STRAUSS Three Tone Poems (Welser-Möst)

Record and Artist Details

Genre:

Orchestral

Label: Cleveland Orchestra

Media Format: Super Audio CD

Media Runtime: 46

Mastering:

DDD

Catalogue Number: TCO0004

TCO0004. STRAUSS Three Tone Poems (Welser-Möst)

Tracks:

Composition Artist Credit
Macbeth Richard Strauss, Composer
Cleveland Orchestra
Franz Welser-Möst, Conductor
Don Juan Richard Strauss, Composer
Cleveland Orchestra
Franz Welser-Möst, Conductor
Till Eulenspiegels lustige Streiche Richard Strauss, Composer
Cleveland Orchestra
Franz Welser-Möst, Conductor

Strauss’s ‘unfailing mastery’, Franz Welser-Möst tells us in a booklet essay, ‘quite often leaves me speechless and with a wide grin on my face – not in laughter but in admiration for his many perfect touches of musical colouring and punctuation’. And indeed, much of that sense of wonder communicates itself in this album of tone poems for the Cleveland Orchestra’s own label, recorded live over multiple concerts last autumn.

Macbeth gets arguably its finest outing on disc here. Written before Don Juan but premiered after it, it pares Shakespeare down to a sequence of colloquies between the Thane and his wife and essentially forms Strauss’s first psychodrama. Its detractors have deemed it over-reliant on Liszt and Tchaikovsky as models but Welser-Möst reminds us just how much it actually anticipates Elektra, not only in the dark, blood-and-steel quality of the orchestration but also in its unwavering depiction of emotional extremes. As in Strauss’s own 1936 broadcast performance (Music and Arts, 7/00), speeds are at times close to breakneck, while tensions are screwed up to the sticking point and unflinchingly held there, often to terrifying effect. The playing is fantastically detailed, thrilling in its accuracy and drive, while the recording itself, wonderfully engineered, is just glorious. You emerge from it all feeling faintly shell-shocked: it’s a superb vindication of an undervalued work.

The same energy characterises much of Welser-Möst’s Don Juan, which gets off to a tremendous start with the opening cluster of themes flung out with terrific exuberance and restless panache. The first of the work’s major love scenes is very erotic, though the second, with its unforgettable oboe solo, may strike some as fractionally too cool: the playing is exquisite, almost aristocratic in its poise, but you miss the sensual languor that some interpreters – Fritz Reiner (RCA, 10/61), for instance – bring to the music here. Once the work gathers pace again with the famous horn calls, however, the momentum, excitement and brilliance are maintained until satiety and death consume everything at the close.

Welser-Möst’s Till Eulenspiegel, meanwhile, is a model of transparency, its restraint and elegance throwing its wit into sharp relief.
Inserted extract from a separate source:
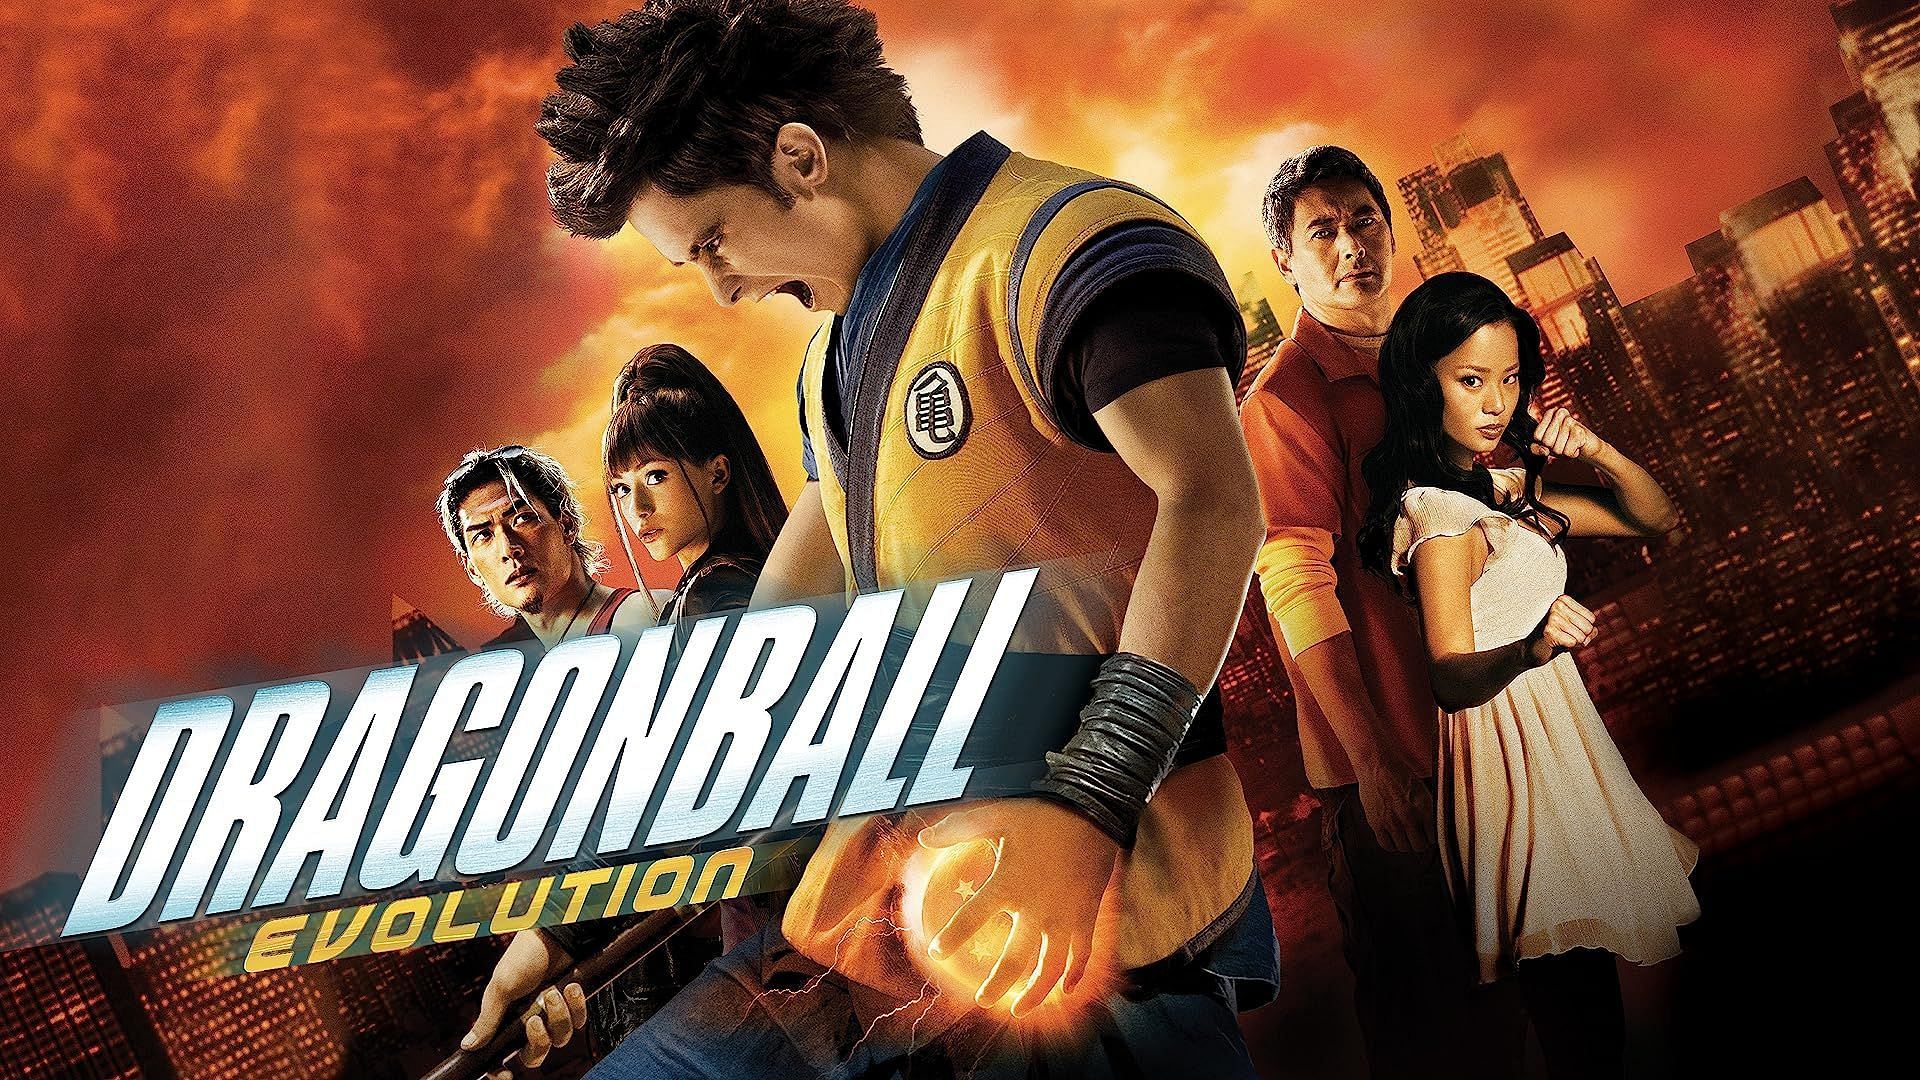 Dragonball Evolution, Action and adventure films

This is not to say that there’s a lack of pathos or, where necessary, power: the Cleveland brass and percussion sound awesome when we reach Till’s execution, while his clarinet squeals of protest are at once funny and desperately sad. But Welser-Möst’s lightness of touch, combined with the refinement of the playing, allows us to hear the work as a scherzo as well as a rondo, and the dividends are enormous: Till is endearing as well as impudent; the music smiles, laughs and occasionally sobs; and the humour never turns caustic as it can all too easily do. It’s another outstanding performance. You could argue that the programme is rather short at 46 minutes but the playing is exceptionally fine, and Macbeth and Till are essential listening.